The caption does not mention operational costs but links the successful tender to the $170 million project. Without further explanation, the Press Council believes a reader would be entitled to believe that was the capital cost alone.
A second issue is whether the $170 million is correct. The figures by the editor's calculations from the NZTA estimates do not add up to $170 million. It is closer to $150 million. While the editor indicates the $170 million allowed for costs to rise through inflation, this was not stated in the article and readers should have been made aware that such estimates had also been factored in.
The Herald agrees its reporter did misunderstand Mr Lee's figures but the claim the figures are approximately the same is not convincing.
It is obvious no figure can be regarded as accurate because a tender for the integrated ticketing system had yet to be let, and therefore unknown, and operational costs 10 years into the future and rates of inflation can only be regarded as estimates.

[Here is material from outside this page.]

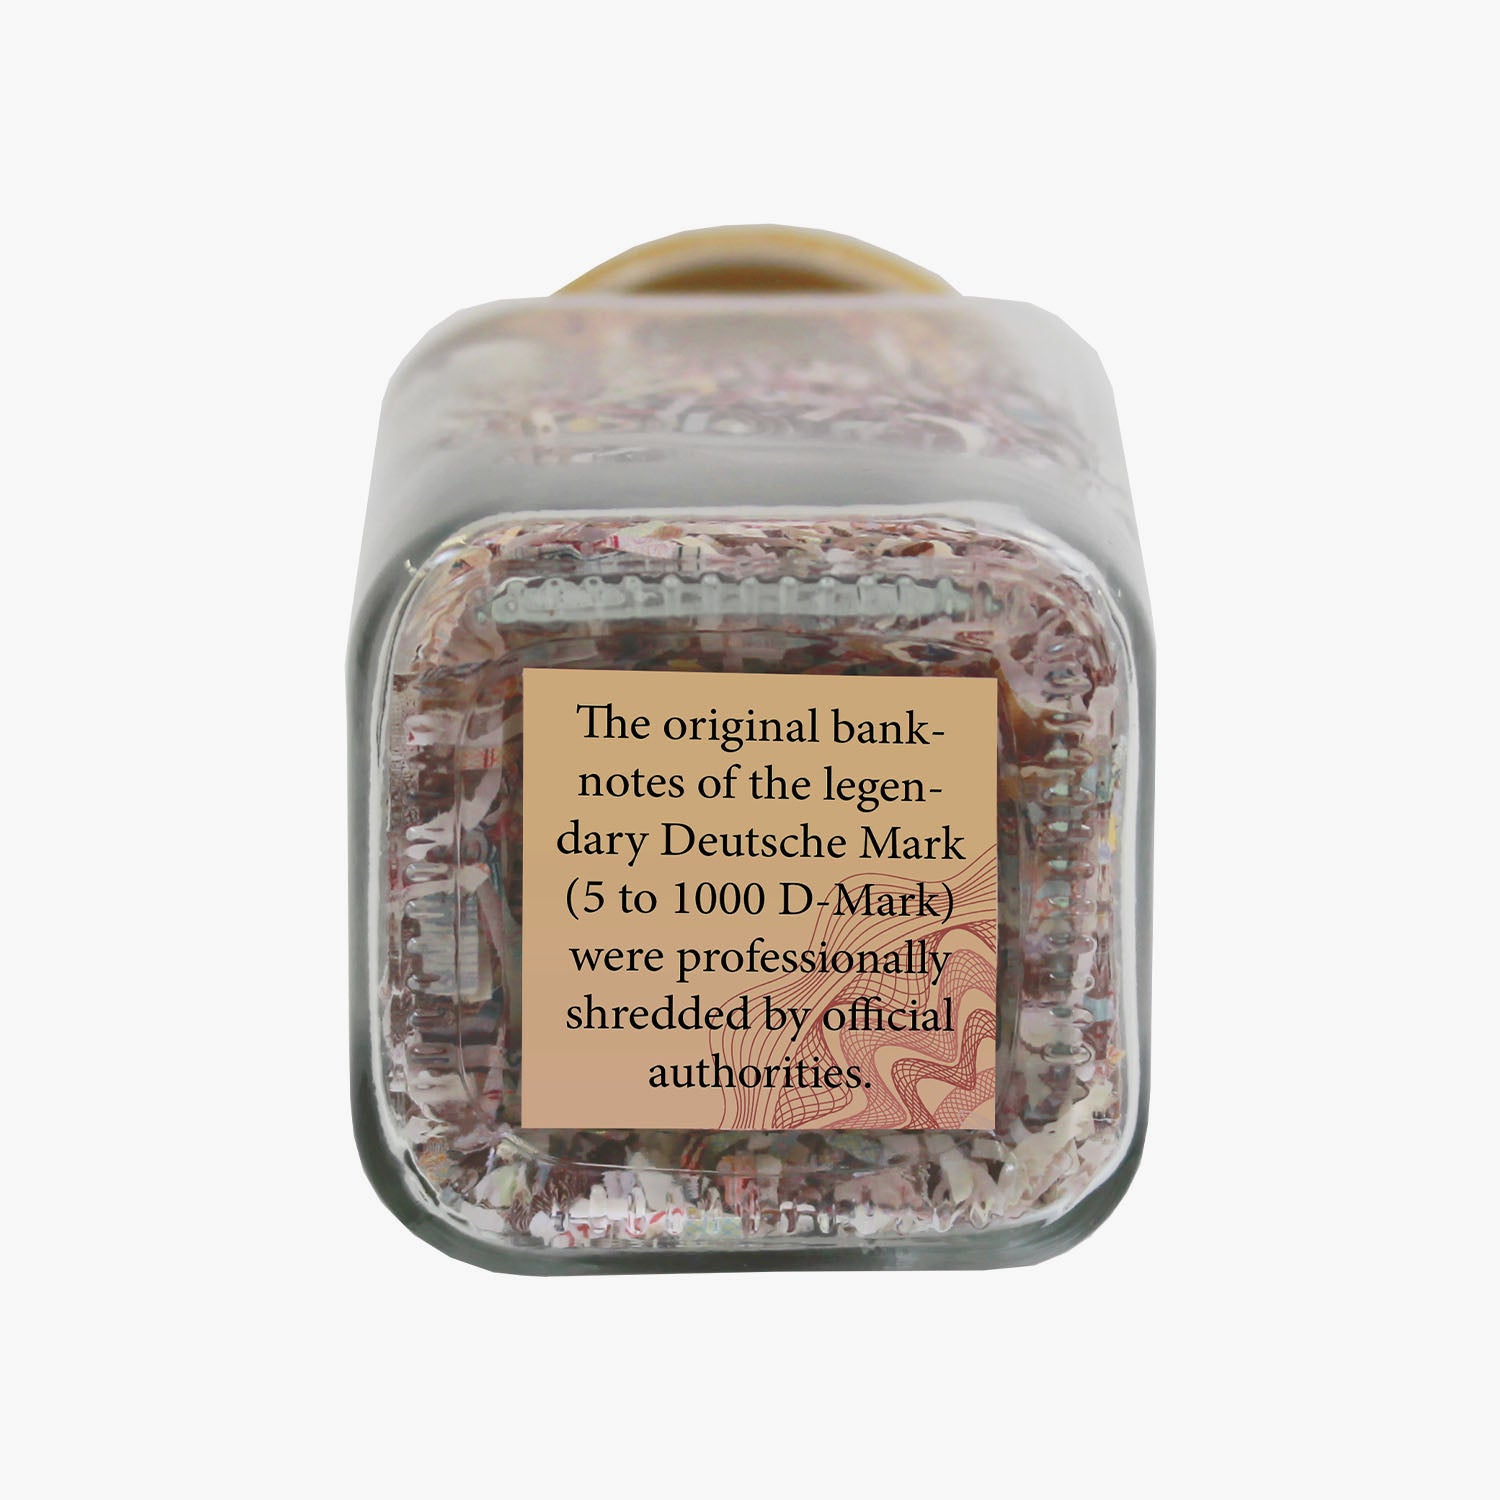 The Deutsch mark in a jar – shredded but not forgotten

Mr Lee's letter, albeit truncated, published on February 12 does present his point of view, but without background about the previous article and letter, its overall corrective or explanatory value is diminished.
It is regrettable both parties did not adopt a more conciliatory approach with a view to resolving the issue so readers and ratepayers could have been better informed on the issue of cost, capital and operational, and the sharing of those costs between central government and the regional council.
DECISION
Mr Lee's complaint about the inaccuracy of the figure is upheld. The caption and sentence in the February 2 article taken together indicate the figure refers to capital costs only and, if it didn't, the Herald should have explained how it reached the figure. There was no reference to the figure including 10 years operating costs.
The publication of Mr Lee's truncated letter does not absolve the Herald. It should have carefully made clear its calculation methodology in the initial article so readers were in no doubt.